§ WHAT YOU ARE ASKED TO DO
From the records that follow, return exactly the lines beginning at the one that contains "Obama boss phase 4 - meme" and ending at the one that contains "Ein verschmutztes Auto", pictures left out.

§ AVAILABLE DATA
:::::
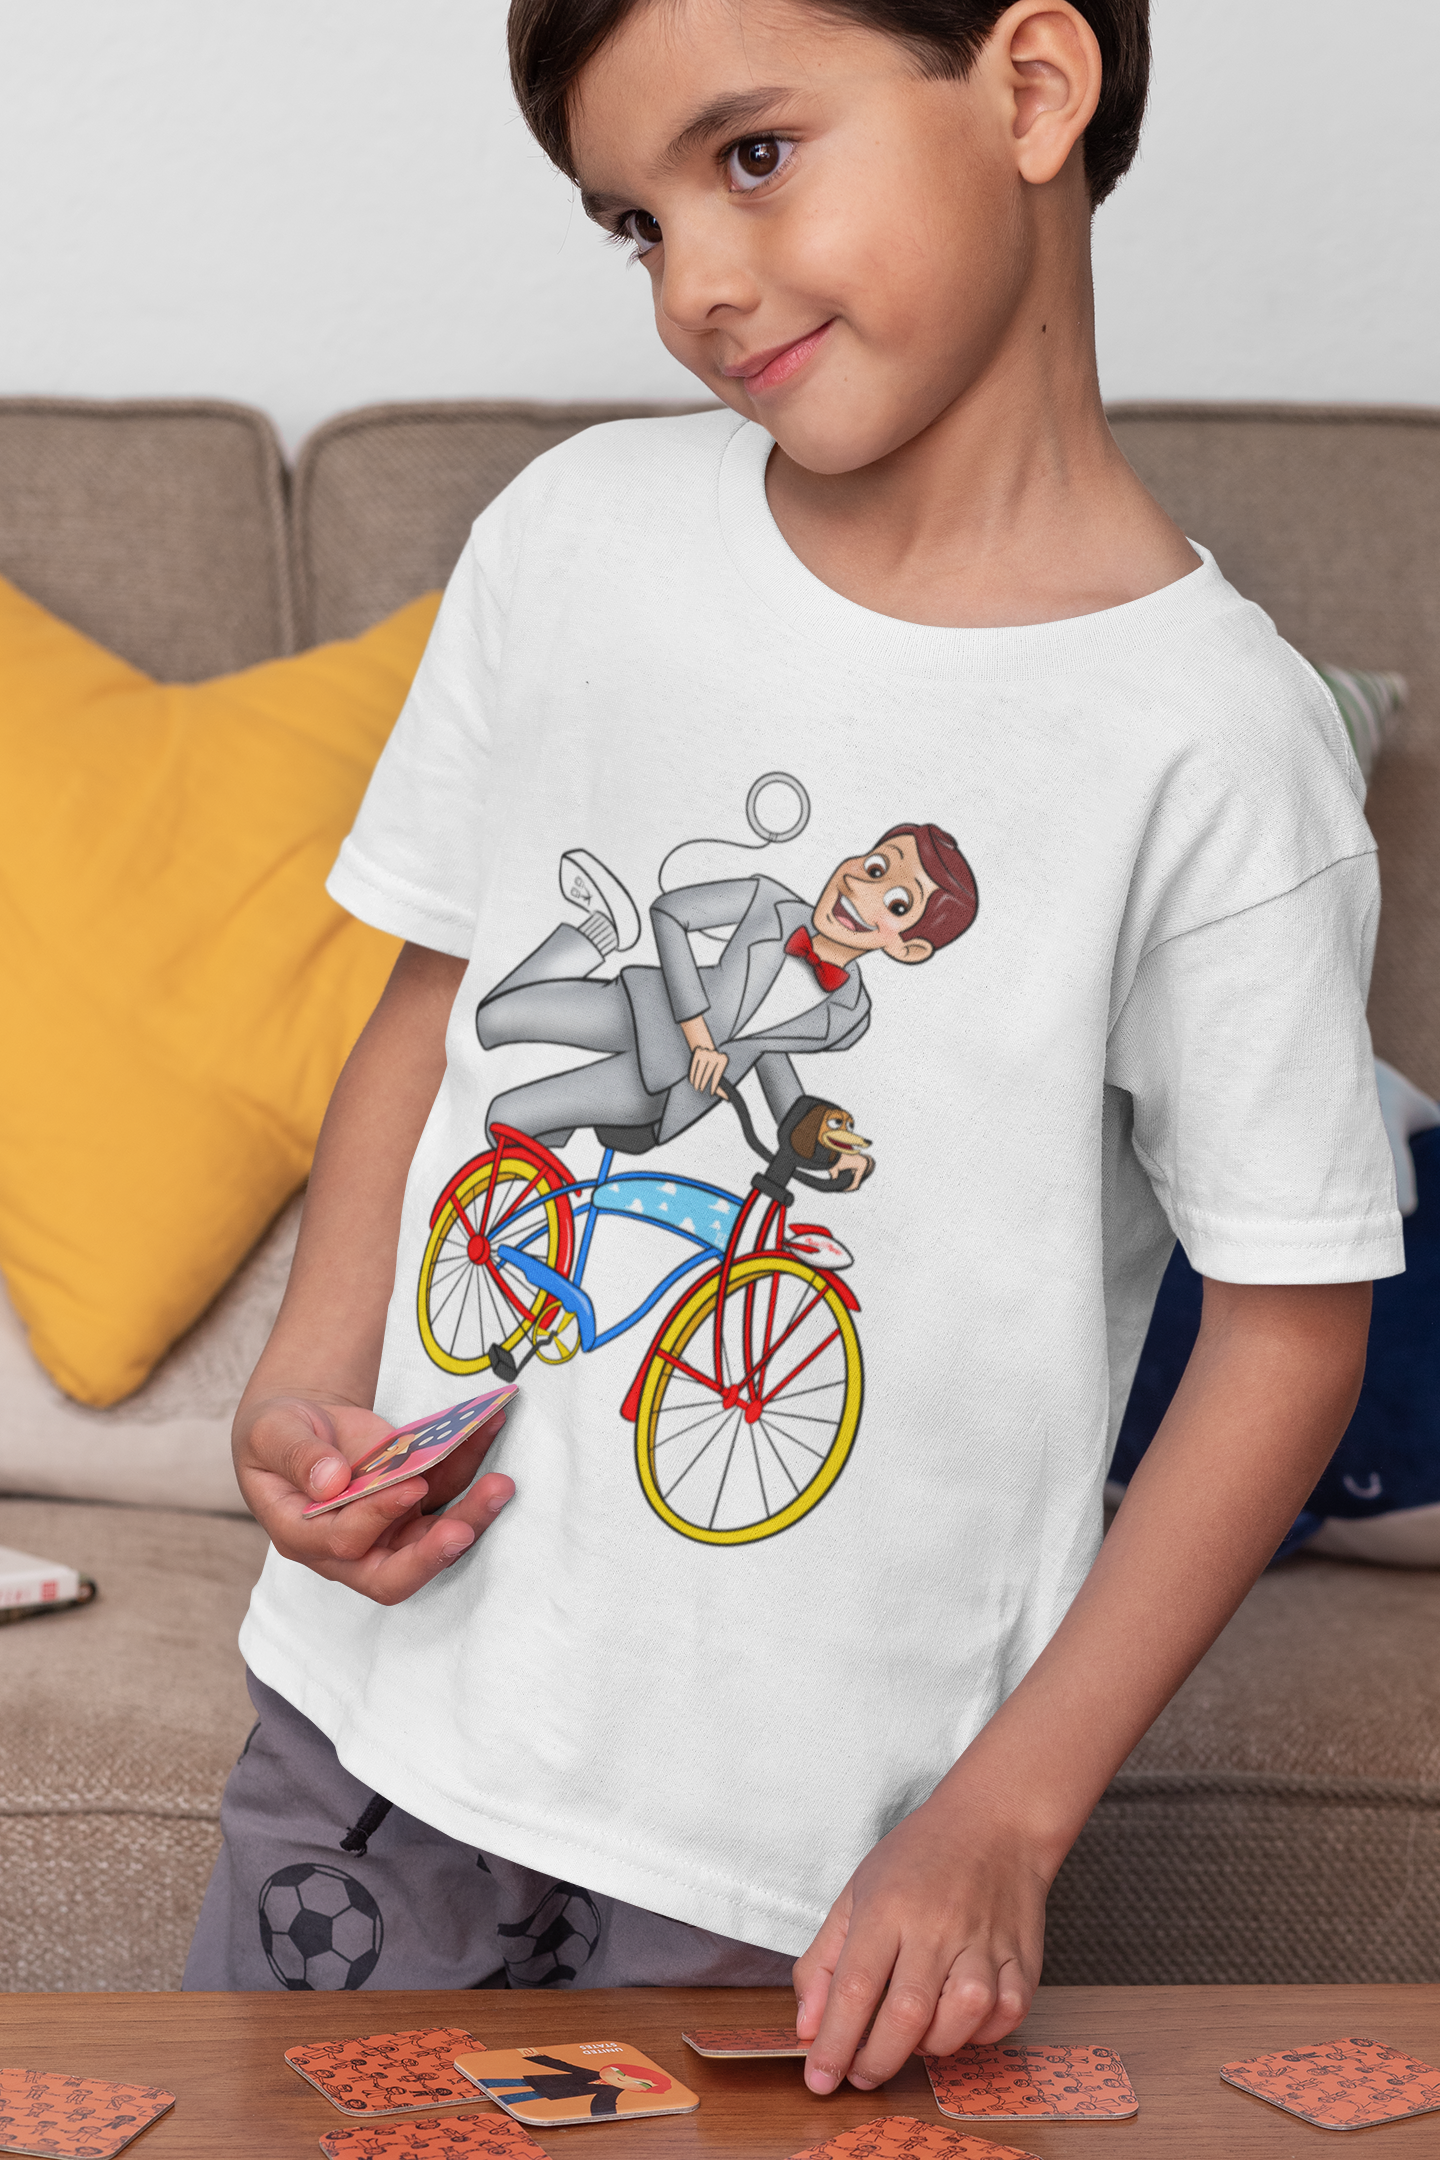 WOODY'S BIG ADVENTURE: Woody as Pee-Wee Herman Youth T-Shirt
:::::
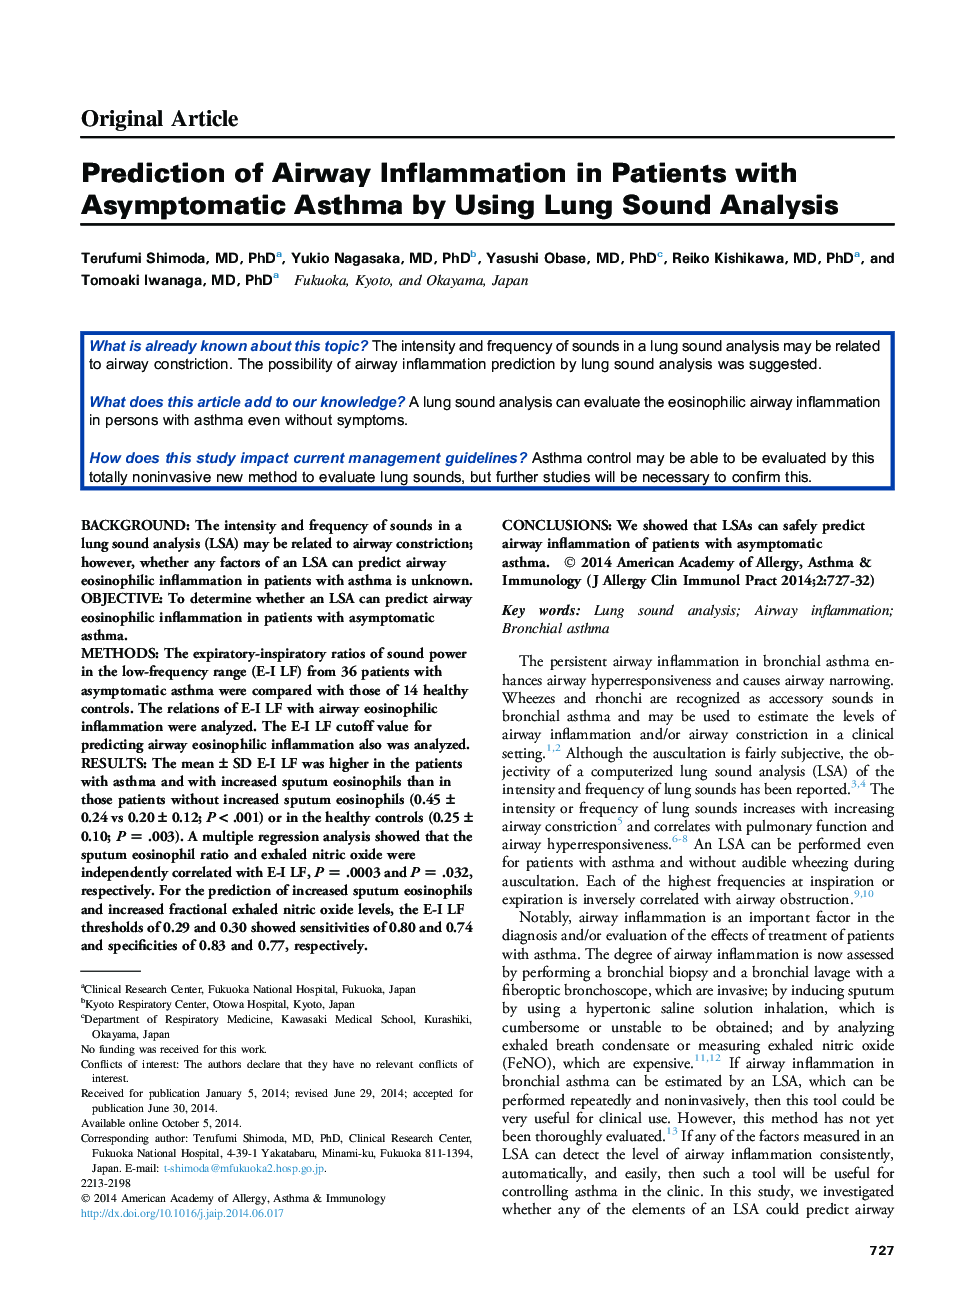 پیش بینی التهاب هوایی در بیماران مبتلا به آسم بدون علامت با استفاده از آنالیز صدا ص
:::::
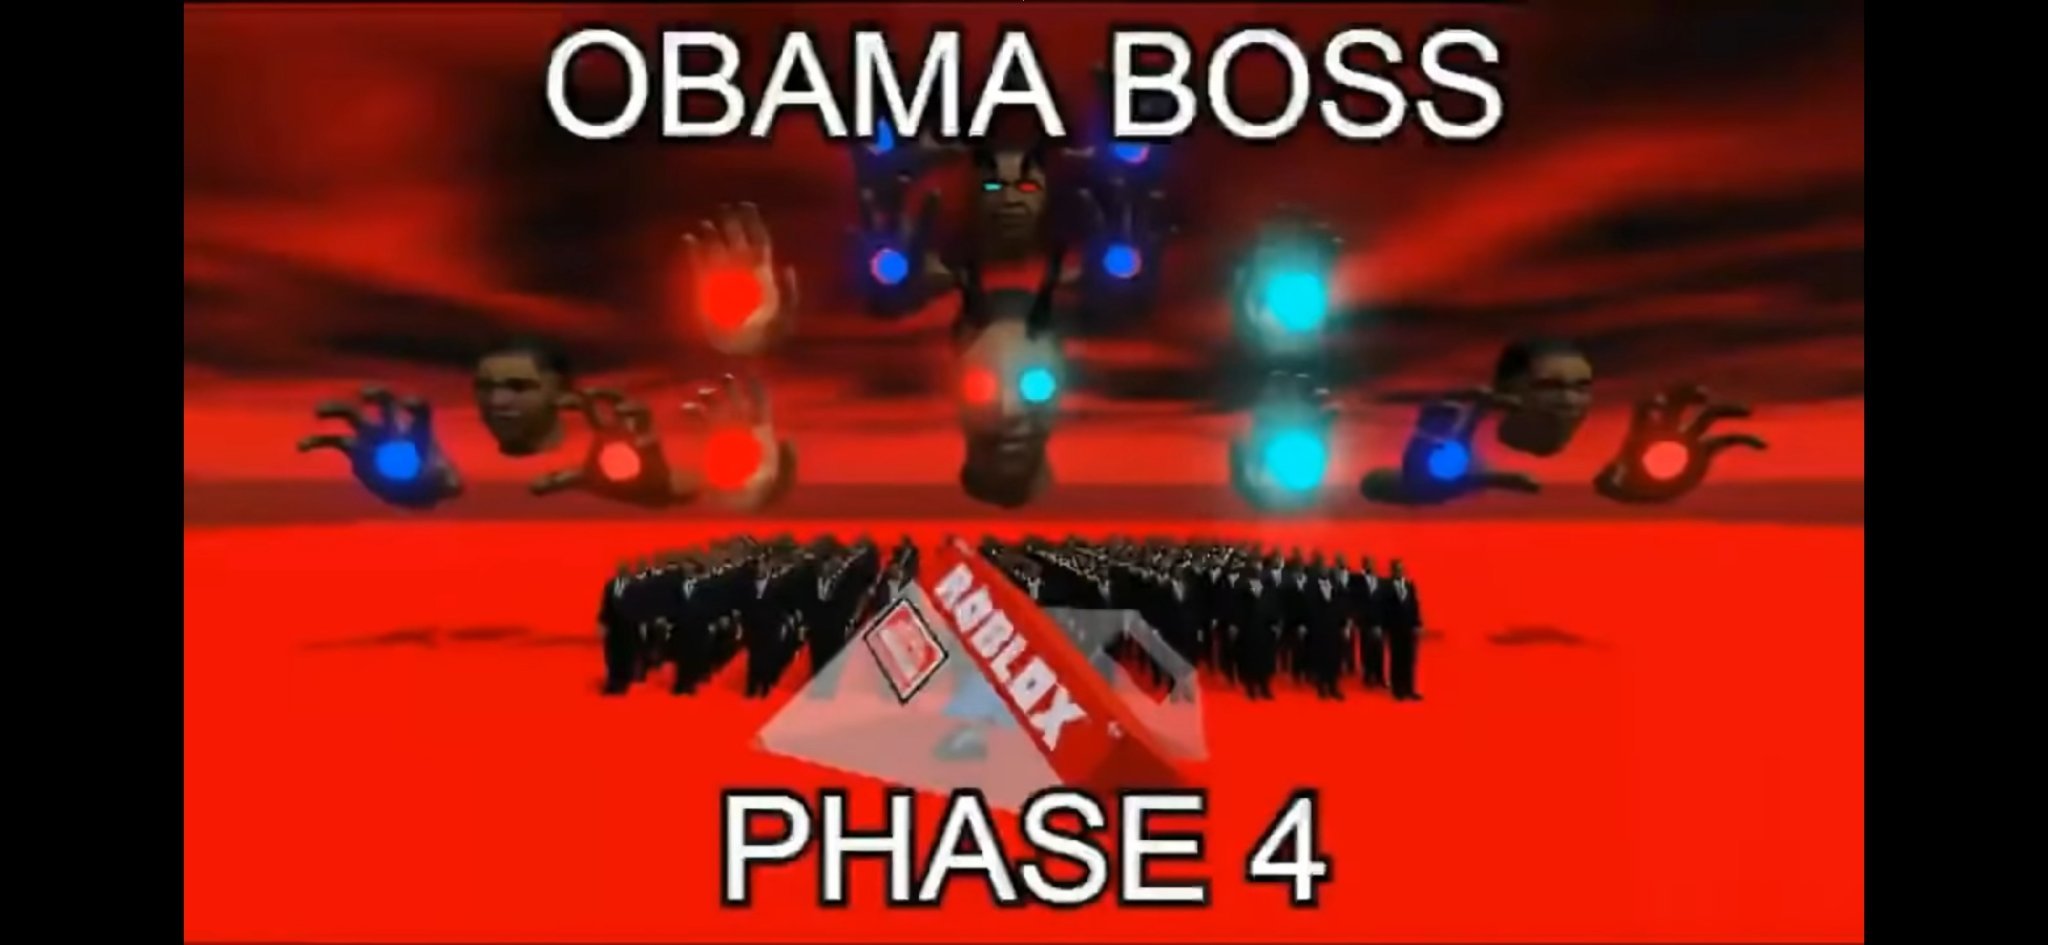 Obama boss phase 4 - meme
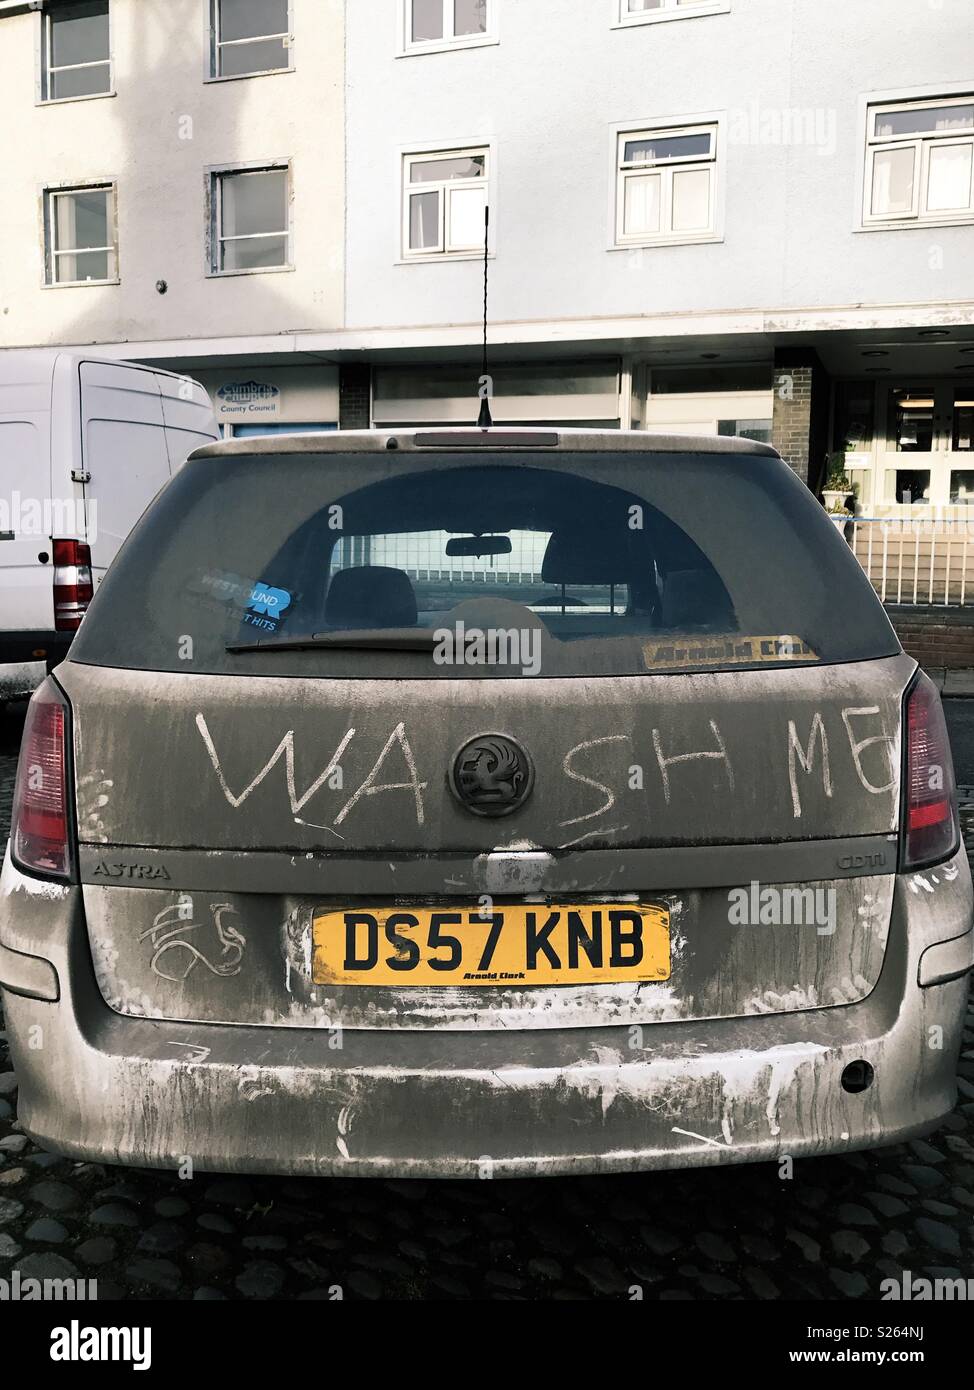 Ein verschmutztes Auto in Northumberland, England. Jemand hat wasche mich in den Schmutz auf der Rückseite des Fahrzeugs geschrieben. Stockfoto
:::::
§ WRITTEN REPLY
 Obama boss phase 4 - meme
 Ein verschmutztes Auto in Northumberland, England. Jemand hat wasche mich in den Schmutz auf der Rückseite des Fahrzeugs geschrieben. Stockfoto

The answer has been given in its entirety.